_Items listed in a dataset_.
=== Begin Enclosure ===
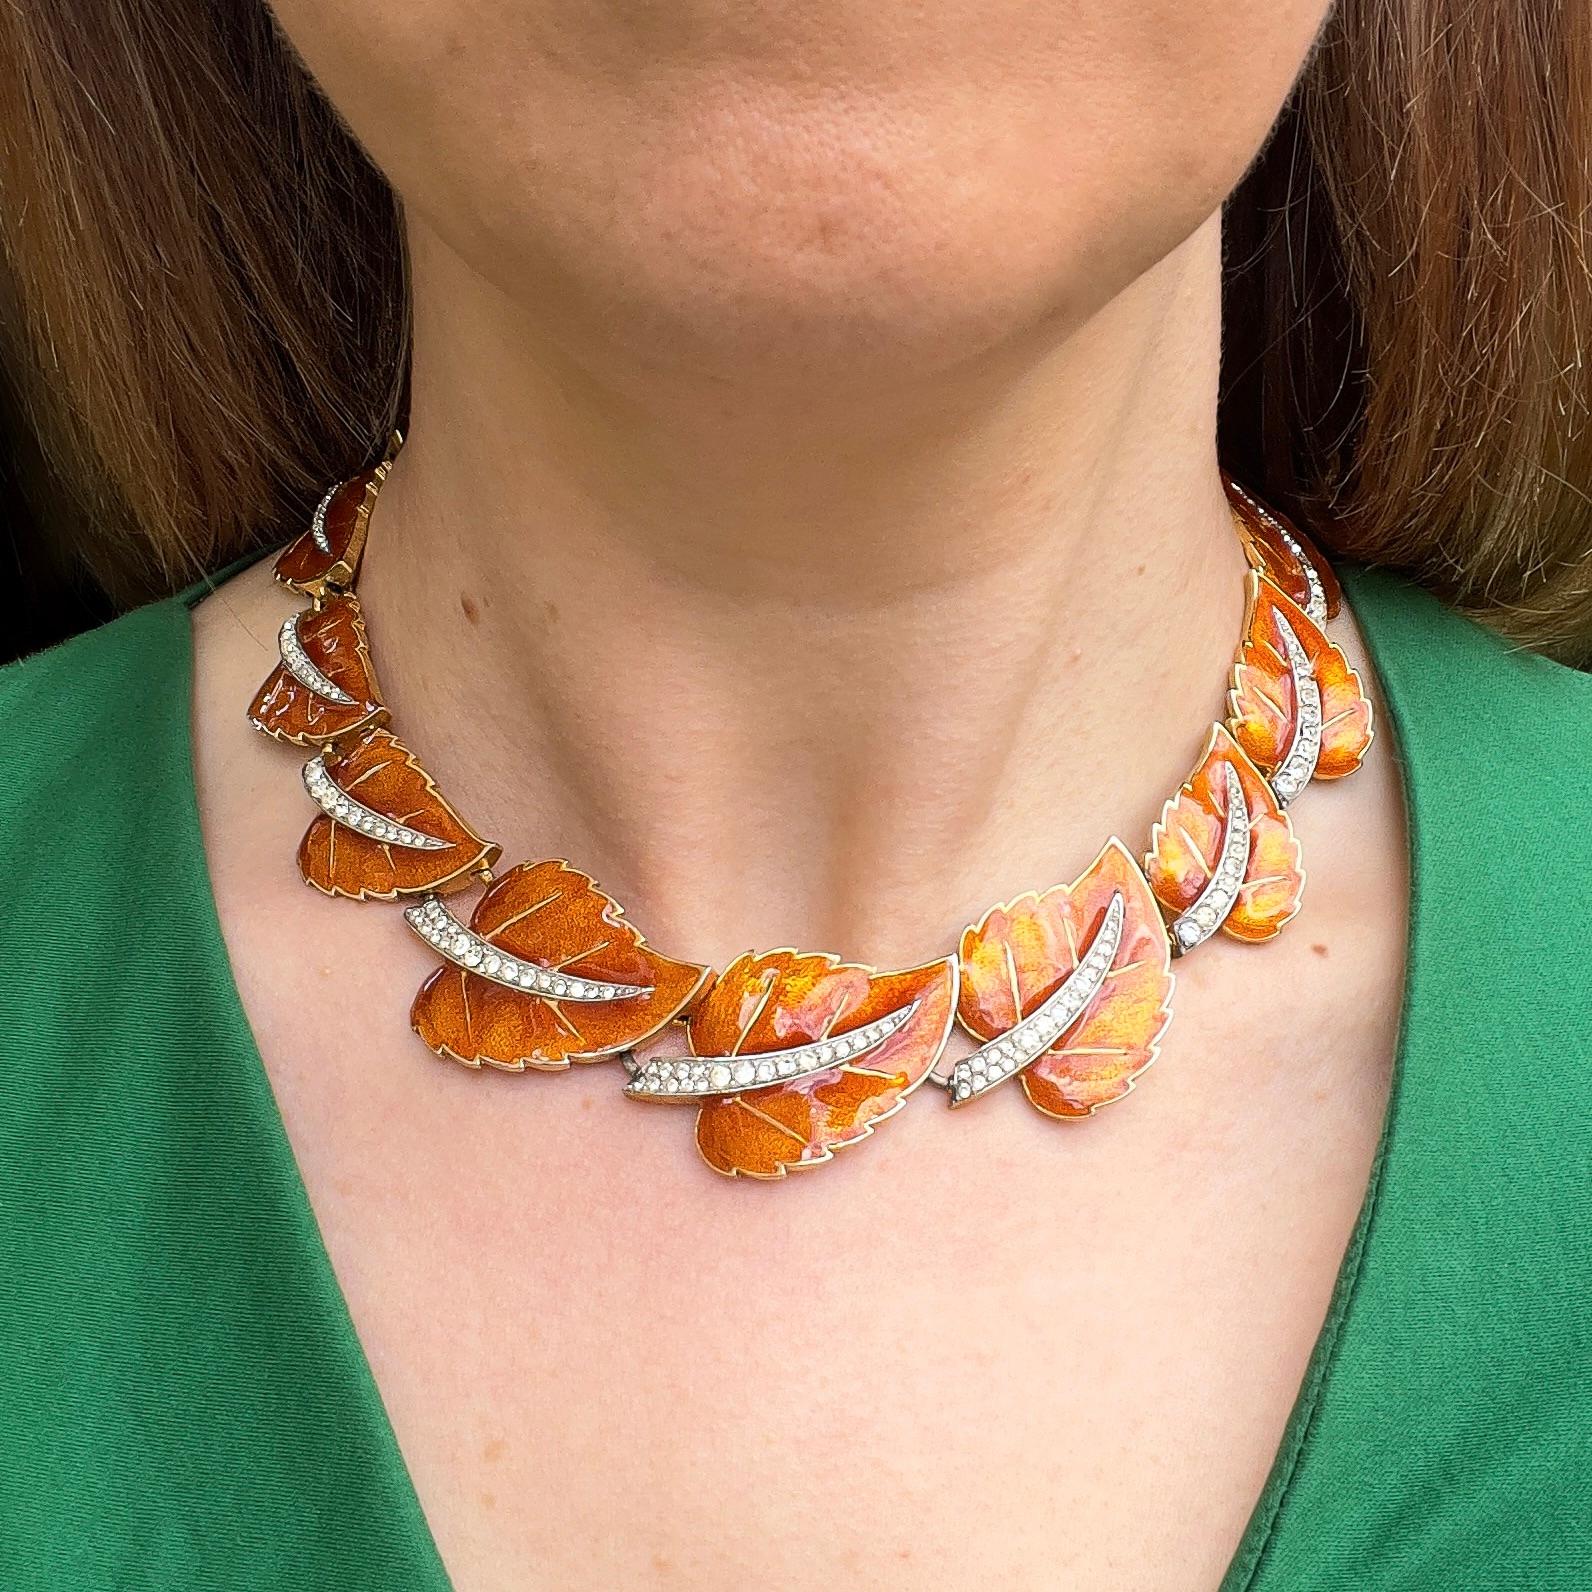 This beautiful necklace exemplifies the fine craftsmanship and intricate designs of Joseph Mazer.

Condition Report:
Excellent

The Details...
This gold plated necklace features a series of leaves graduating in size and linked together. The leaves
=== End Enclosure ===
_ACTION ITEM_.
Except for the pictures, write the data out exactly.

_ANSWER FOR THE TASK_.
 This beautiful necklace exemplifies the fine craftsmanship and intricate designs of Joseph Mazer.

Condition Report:
Excellent

The Details...
This gold plated necklace features a series of leaves graduating in size and linked together. The leaves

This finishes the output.